Of snarls, suspense and separatism
Reviewed by Randeep Wadehra

Tsunami on Roads: Wake up India 
by Dr Sanjay Kulshrestha.
Conscious Citizens.
Pages 207. Rs 250.

TRUST Indian authorities to place the cart before the horse. Even before a yard of decent road was added, doors were opened for corporate houses to set up automobile manufacturing plants in the country. Soon the roads of various shapes and sizes disappeared under the "tsunami" of traffic – not just within towns and cities but the highways too. And, since no preplanning for managing the "auto-explosion" was done, loss of human lives due to road rage hit the roof — one serious accident every minute and one death every five minutes! Did you say mayhem and massacre? Bingo.

This book is a must read not only for road users but also for powers that be.

The Unprofessional Photographer
by Ratinder Jhaj.
Frog Books.
Pages 107. Rs 125.

Its title and illustrations promise a chuckle-raising read if not a laugh riot. The back-page blurb raises the spectre of spine-chilling suspense that reaches a cathartic climax, impelling one to recall such medico-thrillers as Robin Cook’s Coma and Tess Gerritsen’s grisly The Surgeon. Alas!

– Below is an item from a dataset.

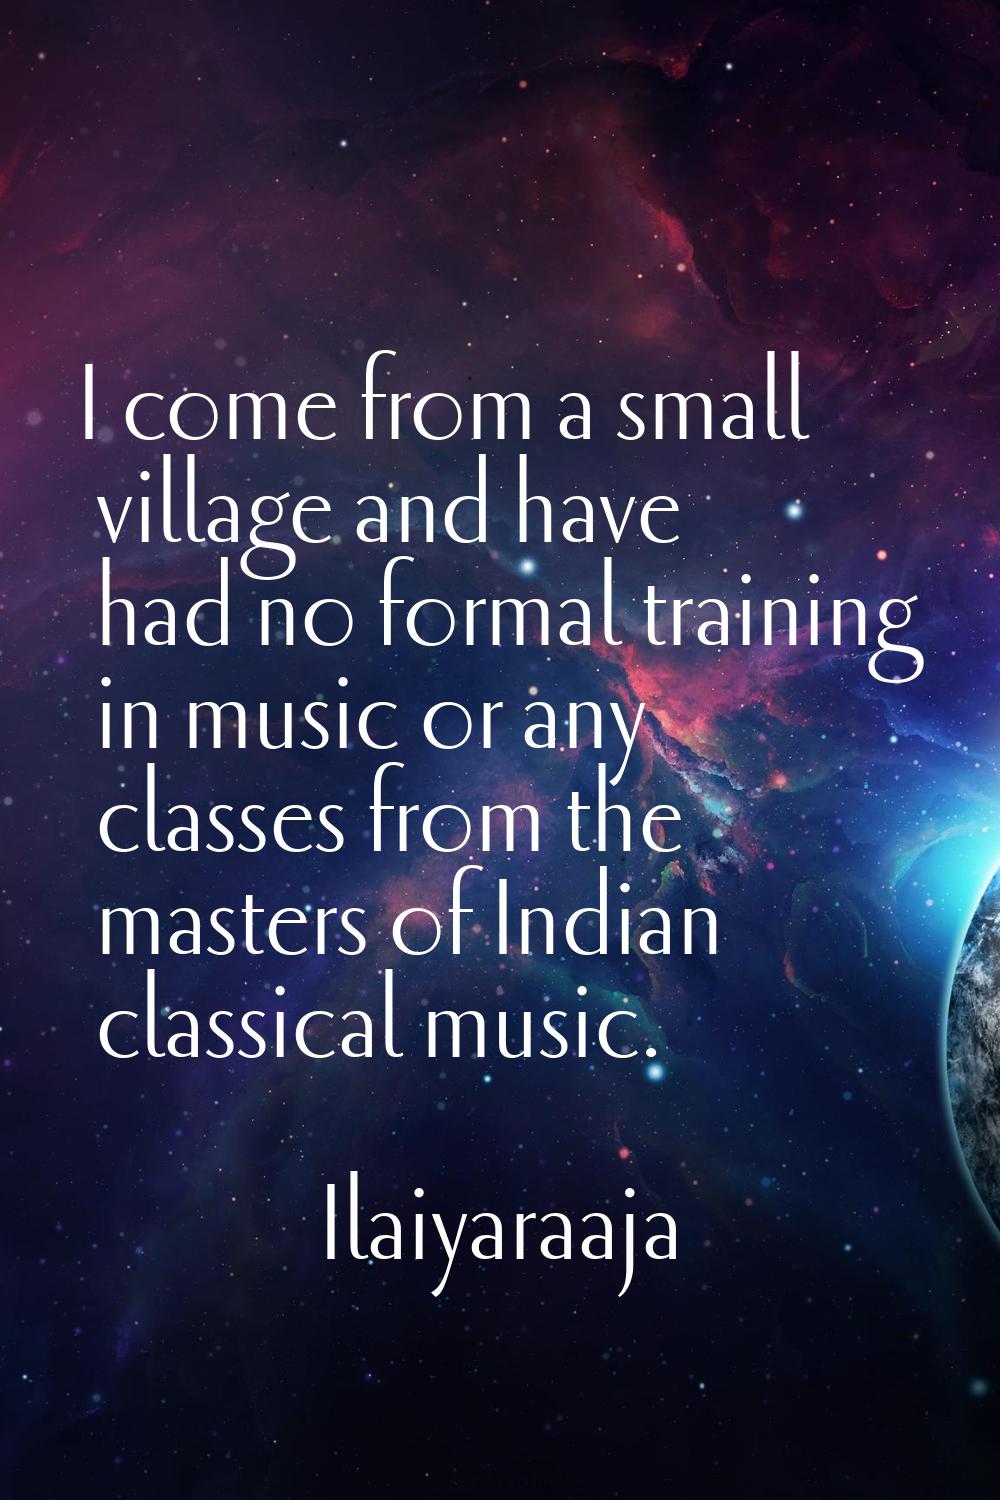 I come from a small village and have had no formal training in music or any classes from the master
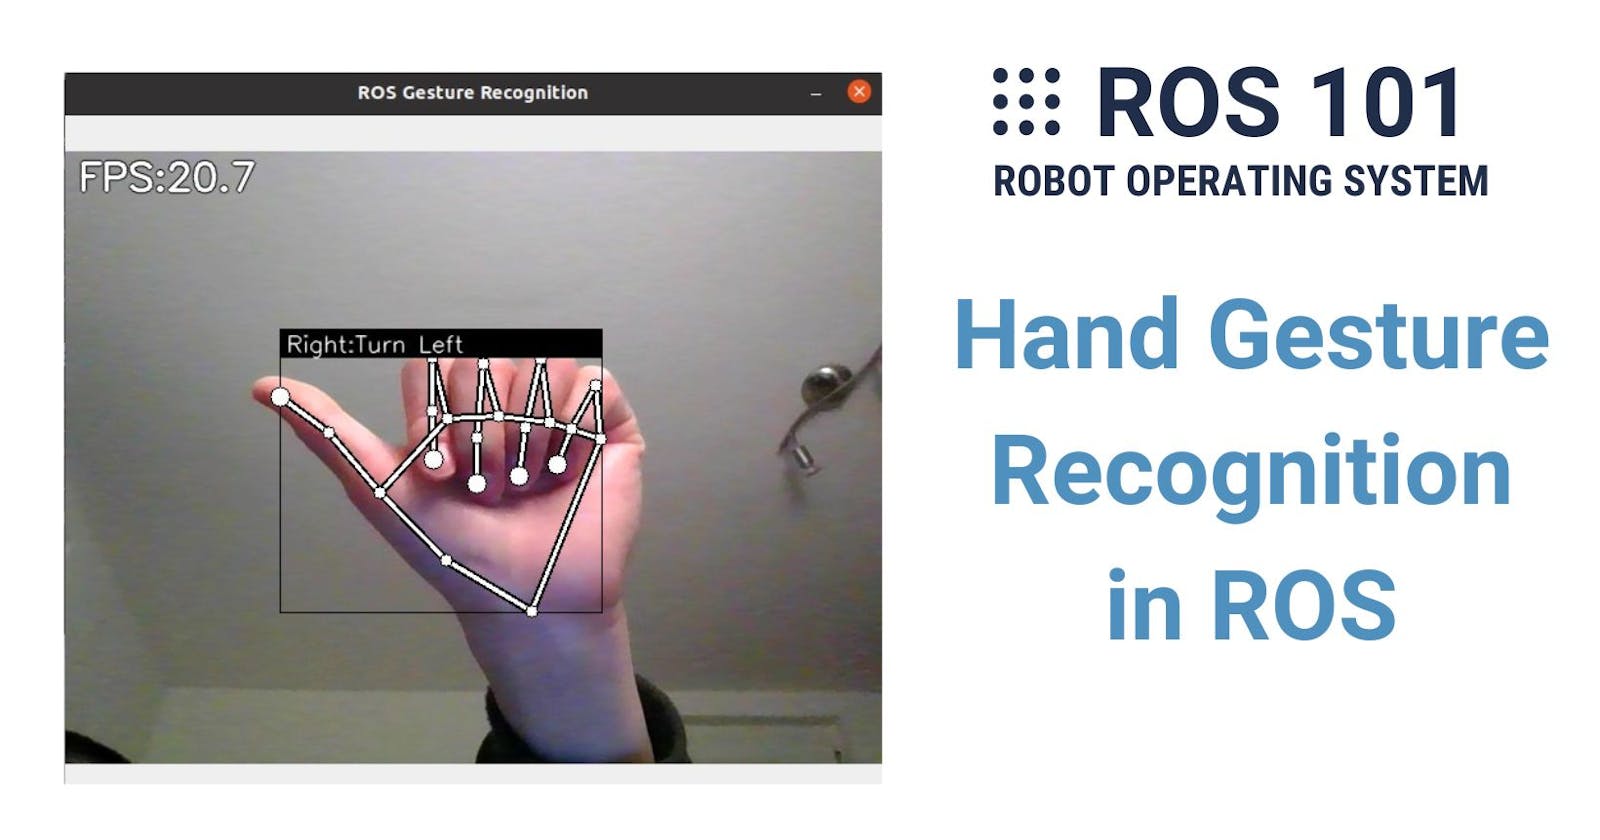 9. Hand Gesture Recognition in ROS

Kabir loves and marries Naina whereas Tarachand and Chaaya are courting. All the four are young doctors. Just when one settles for a soft, romantic narrative it takes a "suspenseful" turn. No, there are no dead bodies with an anonymous fiend on the prowl in the aseptic hospital interiors, and certainly not mysterious sudden deaths or patients going into coma. It is only a ward boy taking video shots of pregnant patients in varied states of undress in the labour room!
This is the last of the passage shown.